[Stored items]
:::

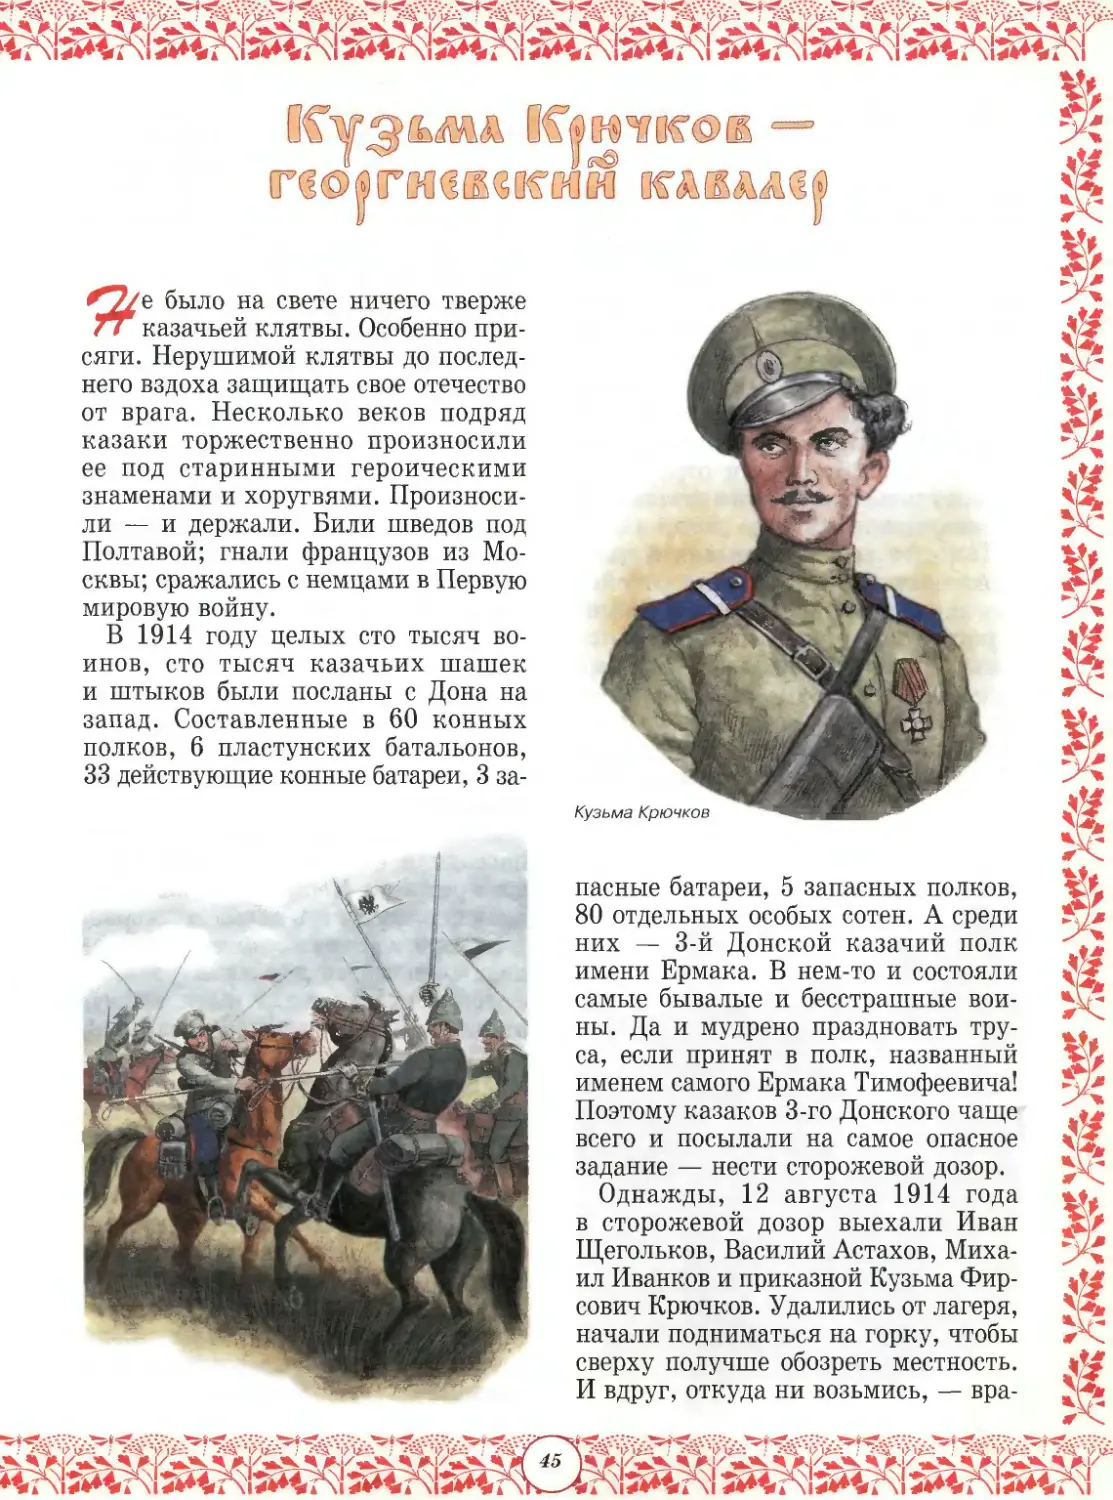 Кузьма Крючков — георгиевский кавалер
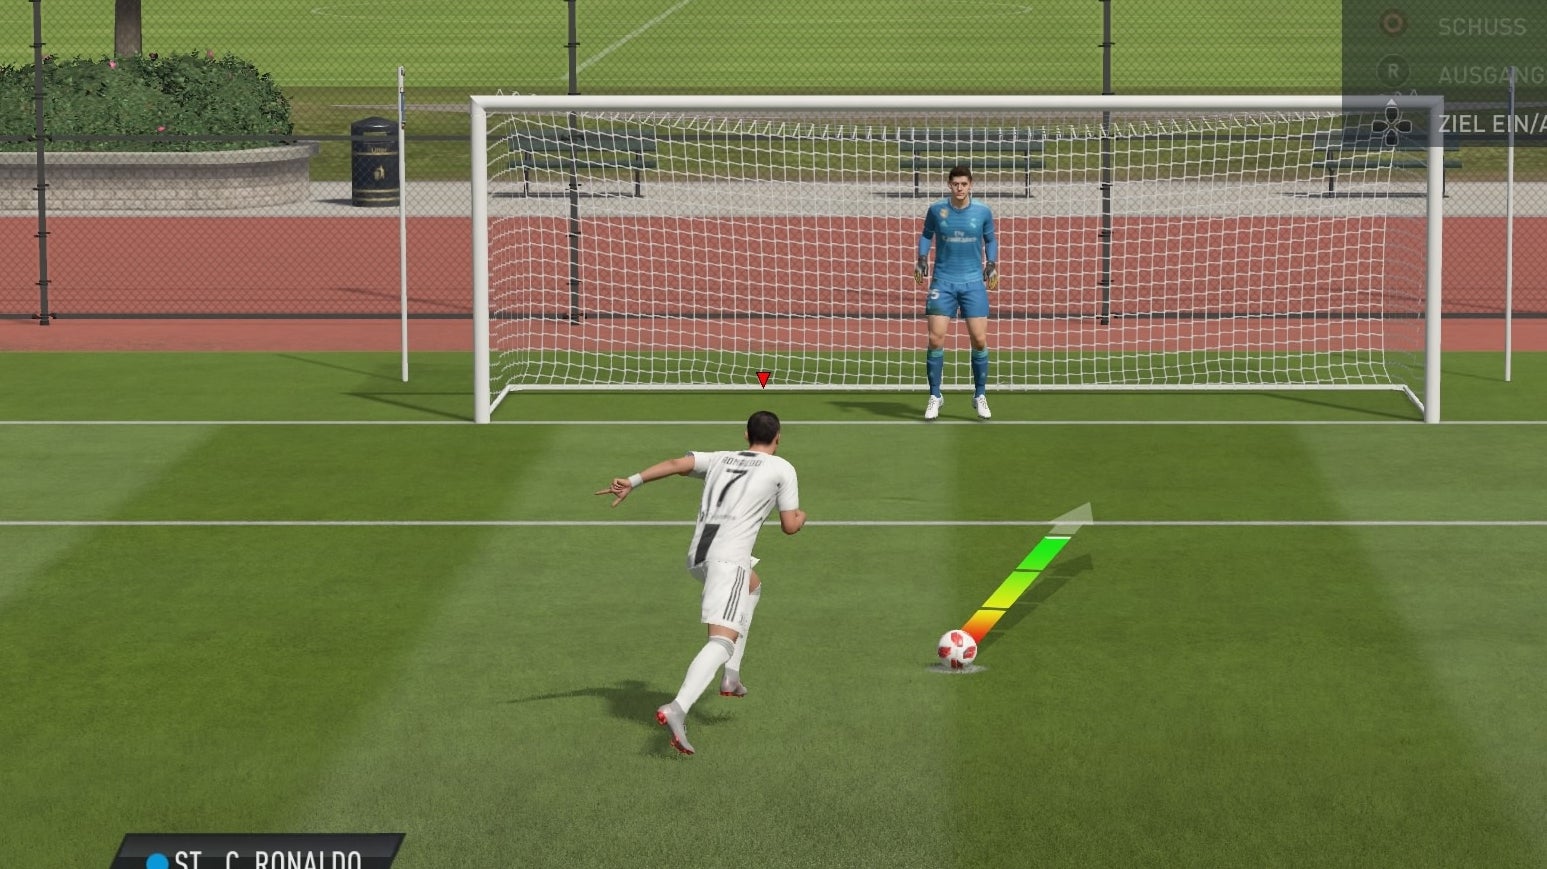 Bilder zu FIFA 19: Elfmeterschießen und halten - So klappt's
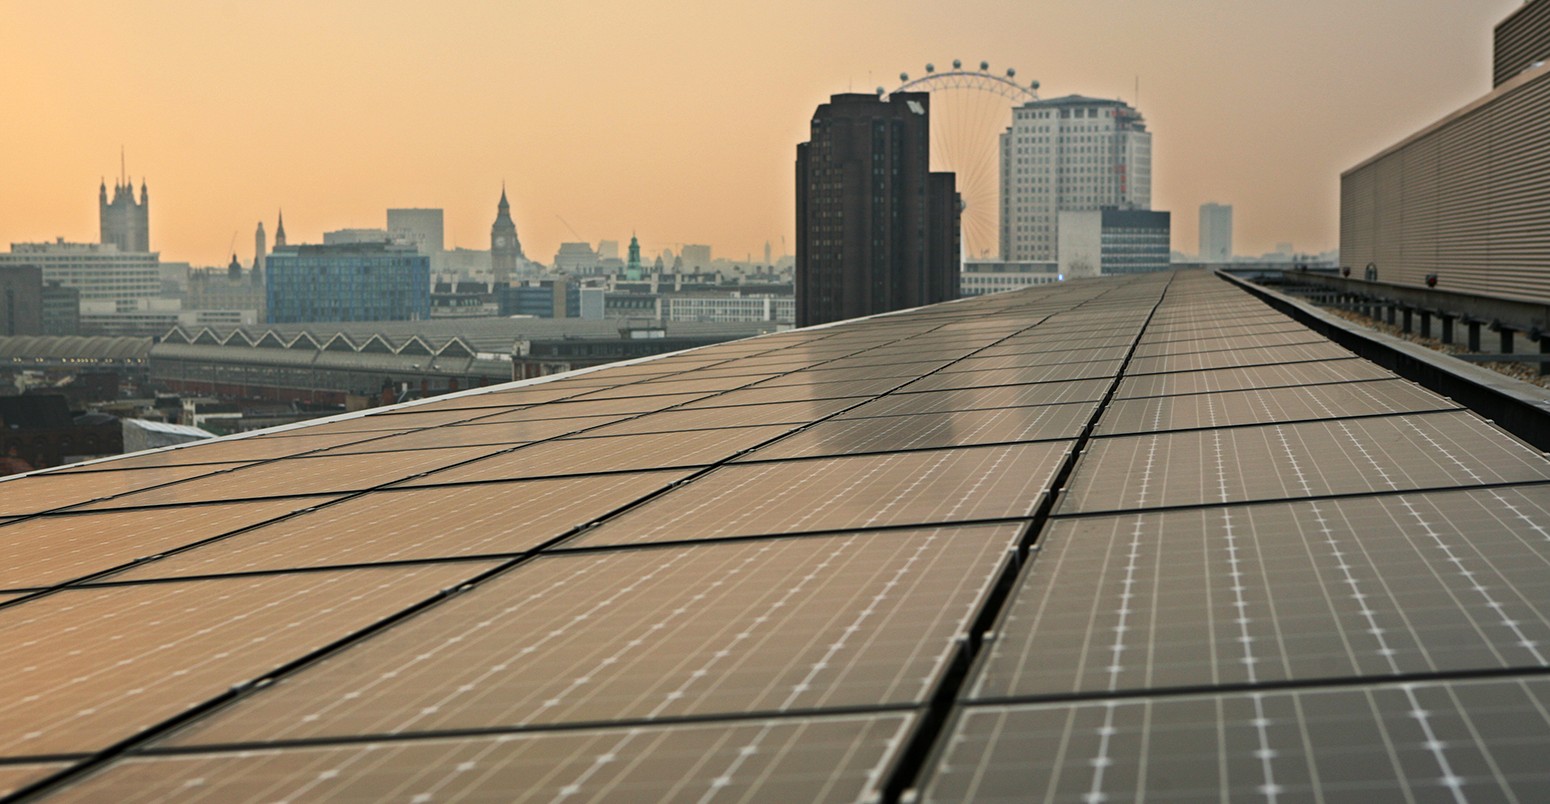 可再生能源——太阳能光伏(PV)面板覆盖体育学校的房子的屋顶,的家乡伦敦气候变化机构和伦敦发展署。这个可再生能源旗舰项目是由建筑师威尔获奖设计的。必威体育在线注册- - -图像©安德鲁Aitchison的/ / Corbis照片
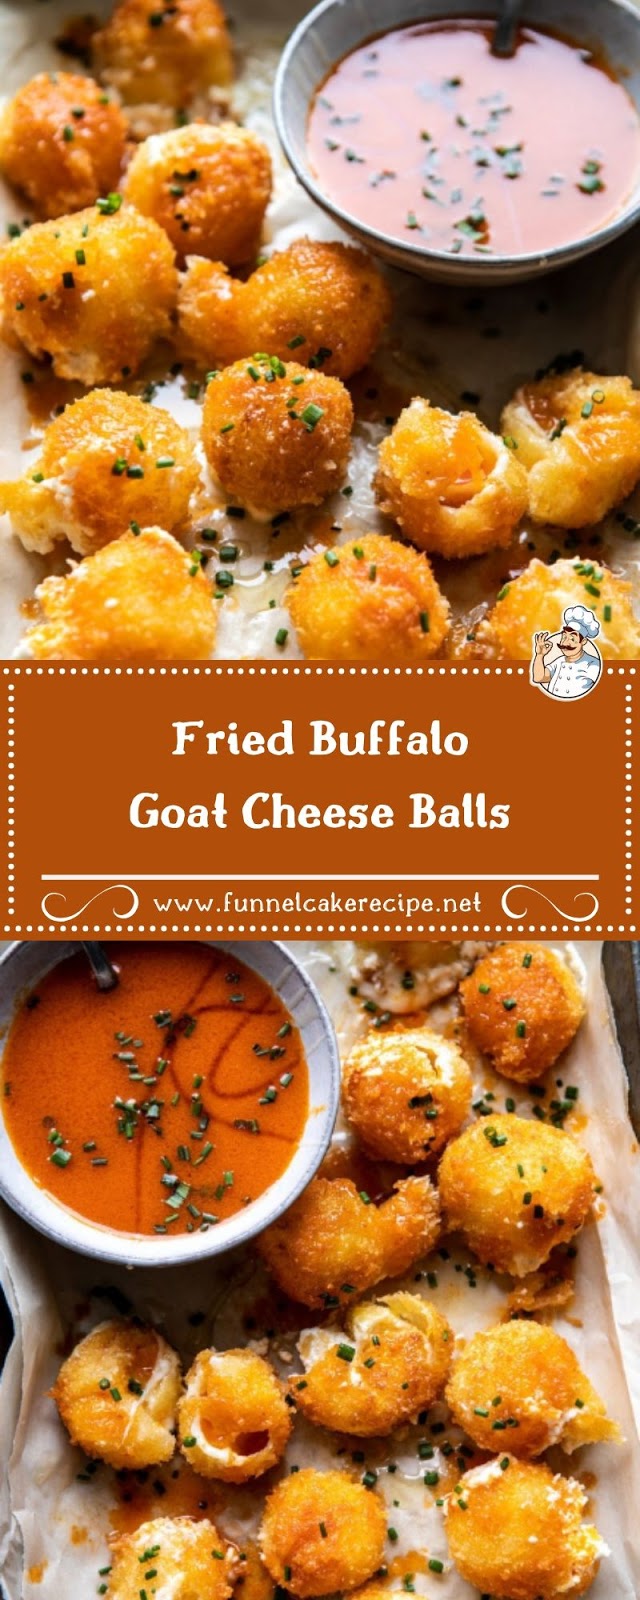 Fried Buffalo Goat Cheese Balls
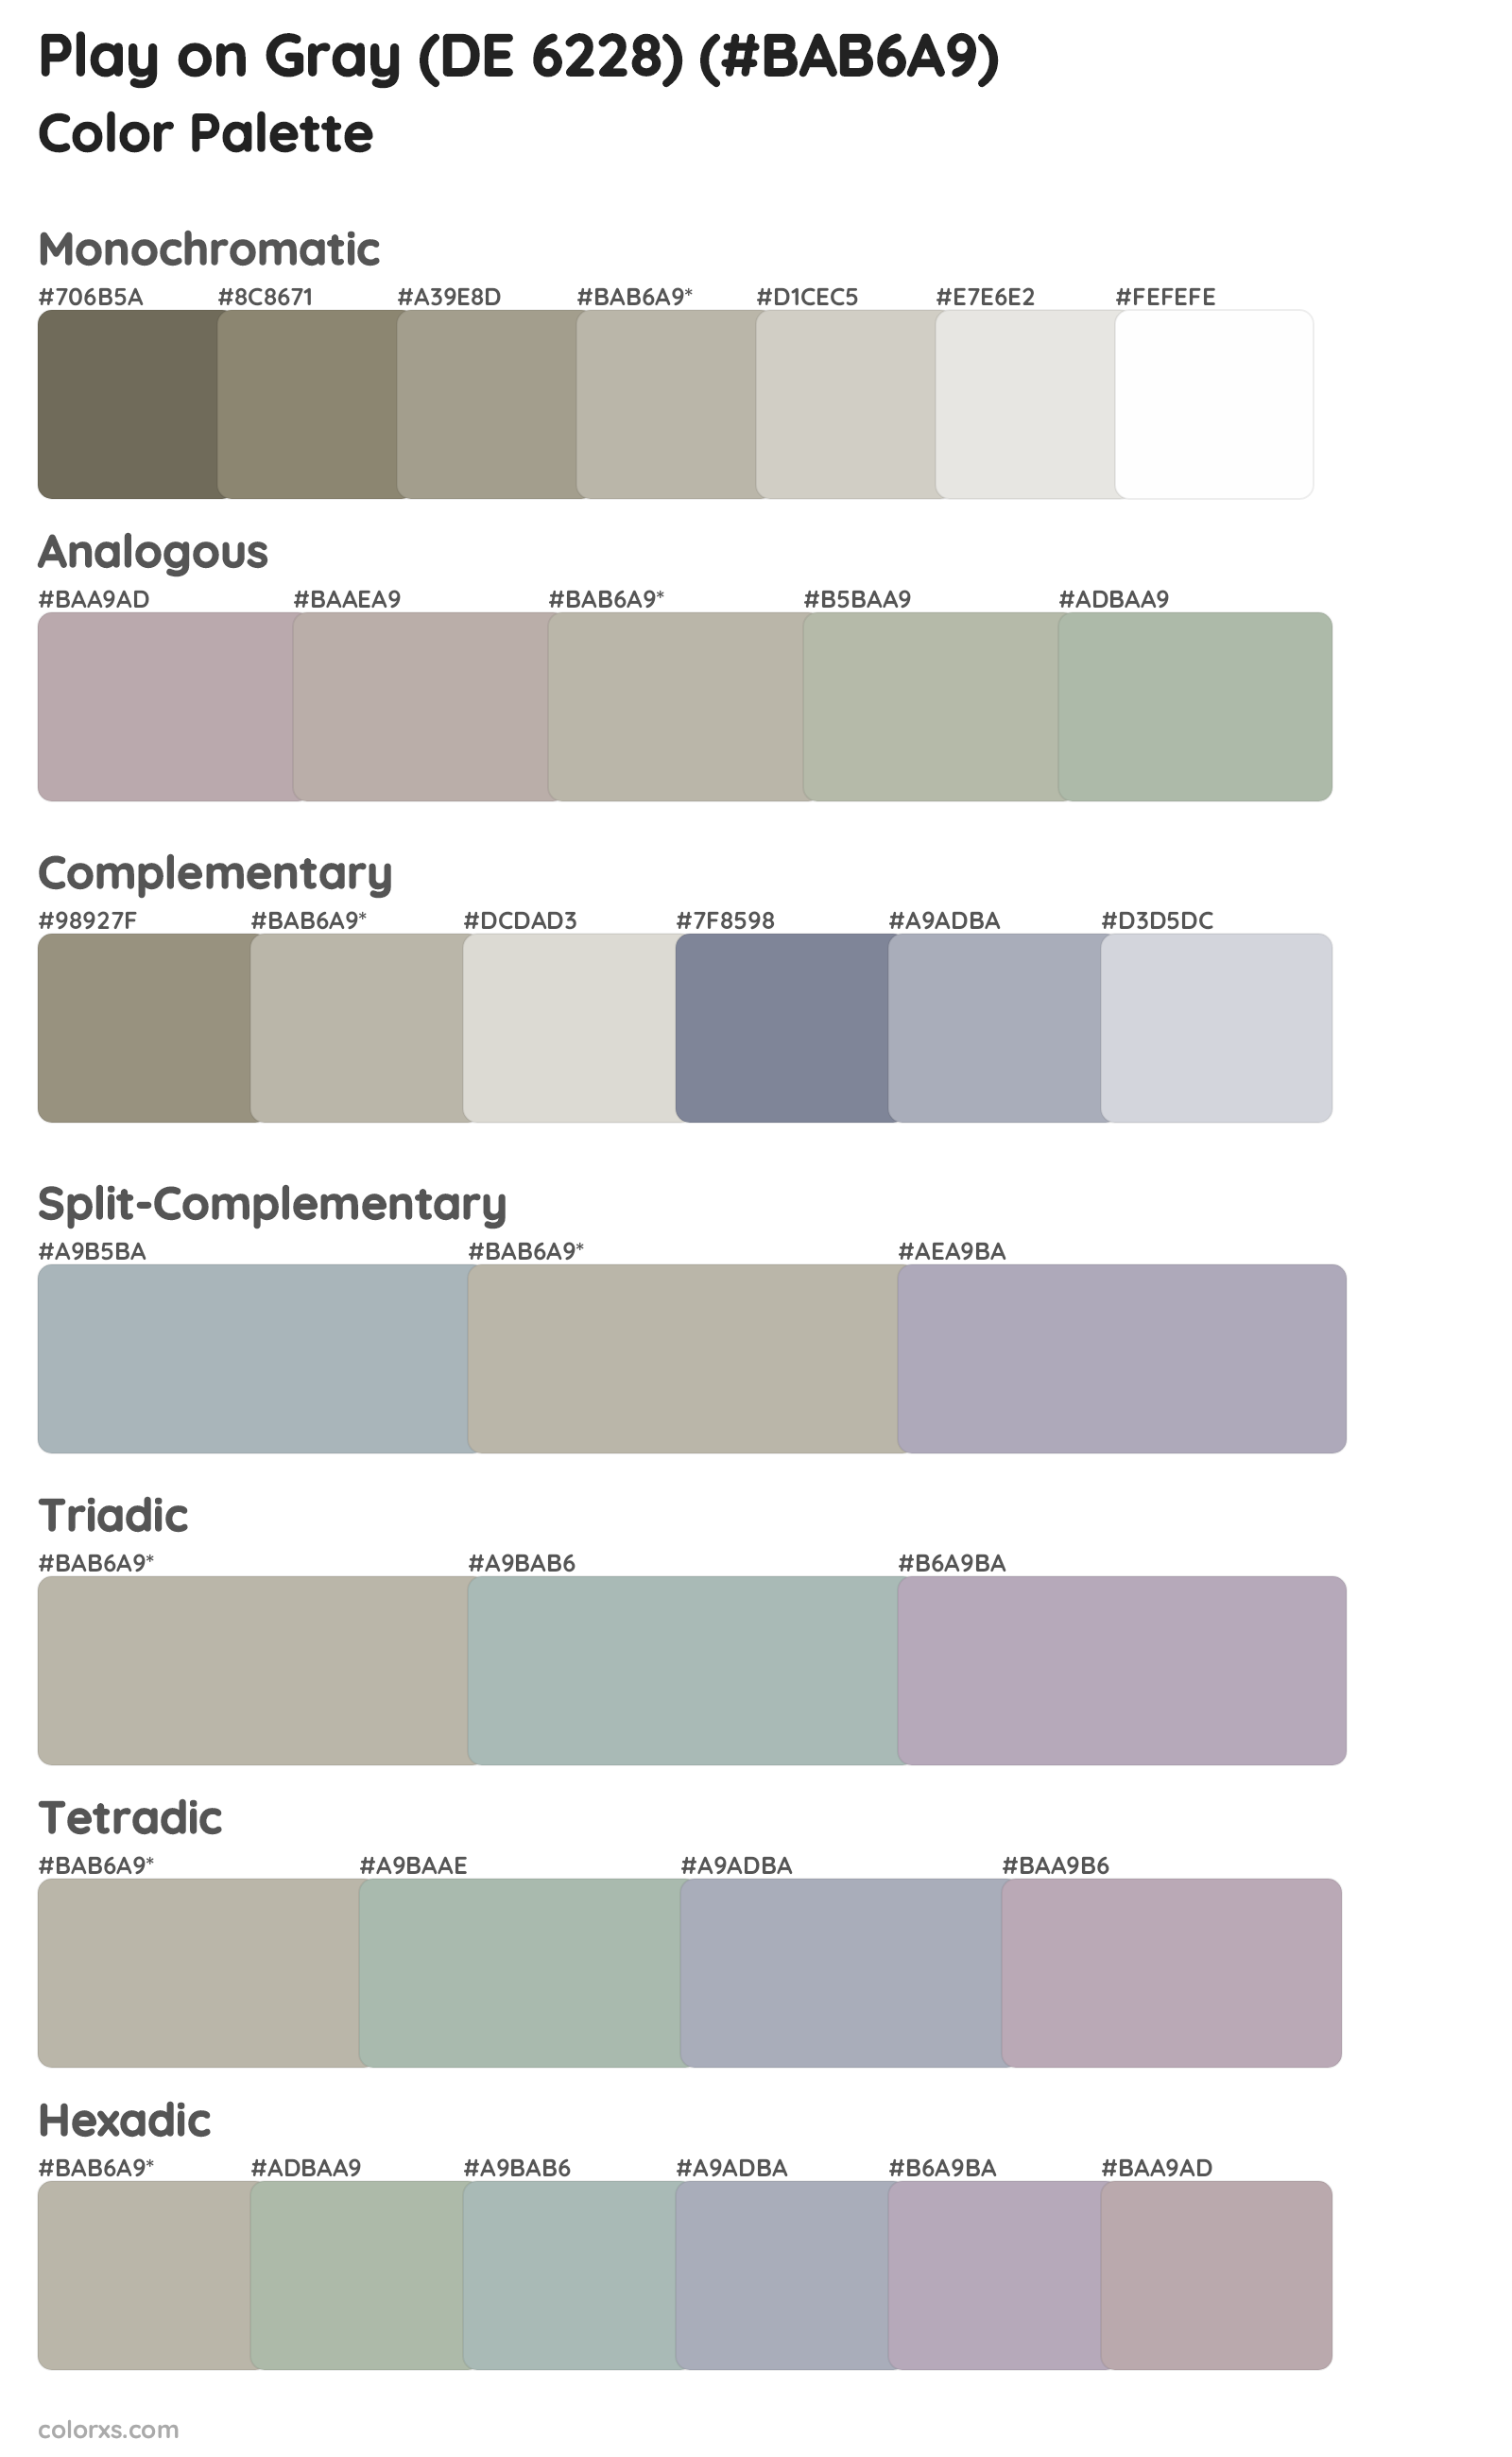 Play on Gray (DE 6228) Color Scheme Palettes

:::

● **Task details**: Output each of the lines above exactly, apart from the images.

● **Response to this task**:
 Кузьма Крючков — георгиевский кавалер
 Bilder zu FIFA 19: Elfmeterschießen und halten - So klappt's
 可再生能源——太阳能光伏(PV)面板覆盖体育学校的房子的屋顶,的家乡伦敦气候变化机构和伦敦发展署。这个可再生能源旗舰项目是由建筑师威尔获奖设计的。必威体育在线注册- - -图像©安德鲁Aitchison的/ / Corbis照片
 Fried Buffalo Goat Cheese Balls
 Play on Gray (DE 6228) Color Scheme Palettes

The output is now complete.